F5 aborde également les risques identifiés dans le Top 10 de la sécurité des API OWASP avec des solutions qui protègent la surface d'attaque croissante et les menaces émergentes à mesure que les applications évoluent et que les déploiements d'API augmentent. Les solutions F5 Web Application and API Protection (WAAP) défendent l'intégralité de la surface d'attaque des applications modernes avec des protections complètes qui incluent WAF, API Security , l'atténuation DDoS L3-L7 et la défense contre les robots contre les menaces automatisées et la fraude. La plateforme distribuée simplifie le déploiement de politiques cohérentes et la mise à l'échelle de la sécurité sur l'ensemble de votre parc d'applications et d'API, quel que soit l'endroit où elles sont hébergées, et intègre la sécurité dans le cycle de vie des API et dans des écosystèmes plus larges.
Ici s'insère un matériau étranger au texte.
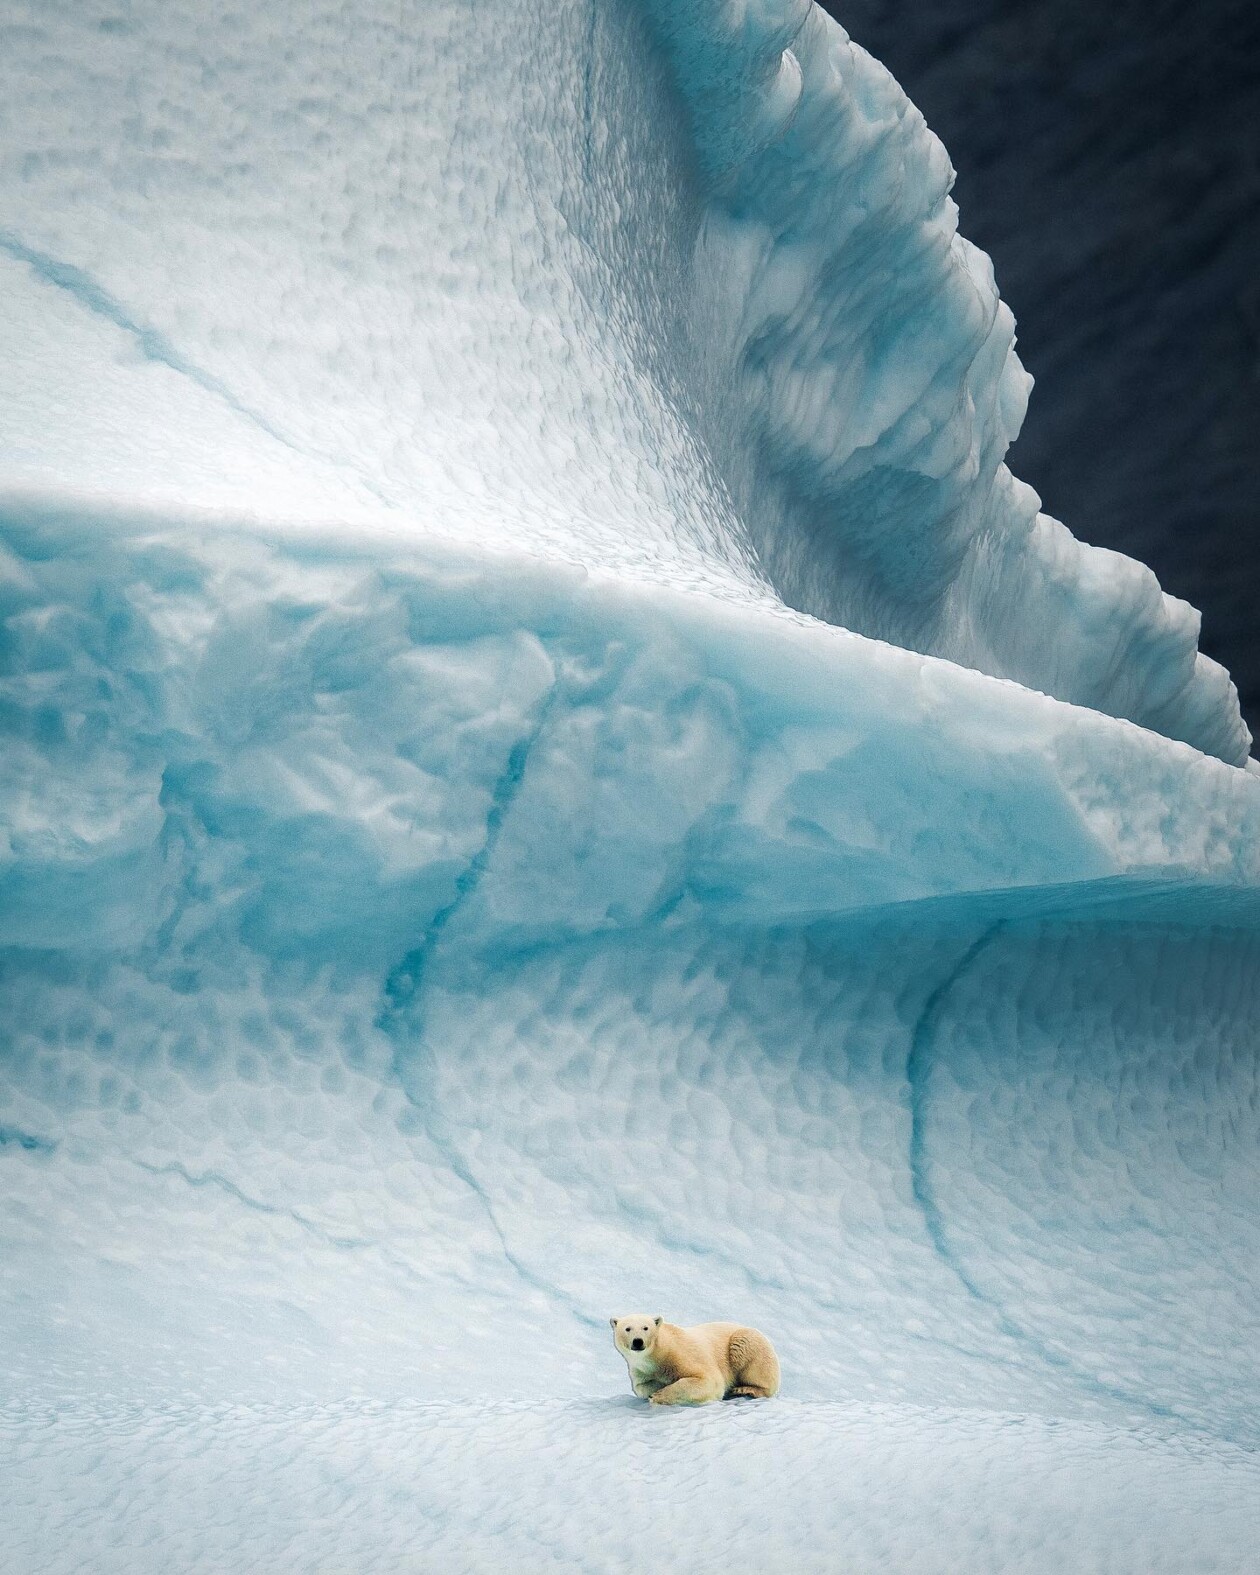 Captivating Pictures Of Arctic Animals By Konsta Punkka (8)

F5 propose également des solutions pour répondre aux risques décrits dans le projet de l'OWASP sur les menaces automatisées contre les applications Web. F5 Distributed Cloud Bot Defense empêche la fraude et les abus qui peuvent contourner les solutions de gestion des robots existantes et fournit une surveillance et des renseignements en temps réel ainsi qu'une analyse rétrospective basée sur le ML pour protéger les organisations contre les attaques automatisées, sans insérer de frictions utilisateur ni perturber l'expérience client. Distributed Cloud Bot Defense conserve son efficacité quelle que soit la manière dont les attaquants se réorganisent, que les attaques passent des applications Web aux API ou tentent de contourner les défenses anti-automatisation en usurpant la télémétrie ou en utilisant des solveurs CAPTCHA humains.

F5 propose également une protection DDoS à plusieurs niveaux pour une sécurité en ligne avancée en tant que service d'atténuation géré et fourni dans le cloud qui détecte et atténue les attaques à grande échelle ciblant le réseau, le protocole et les applications en temps réel ; les mêmes protections sont également disponibles sous forme de matériel sur site, de logiciels et de solutions hybrides. F5 Distributed Cloud DDoS Mitigation protège contre les attaques volumétriques et spécifiques aux applications de couche 3-4 et de couche 7 avancées avant qu'elles n'atteignent votre infrastructure réseau et vos applications.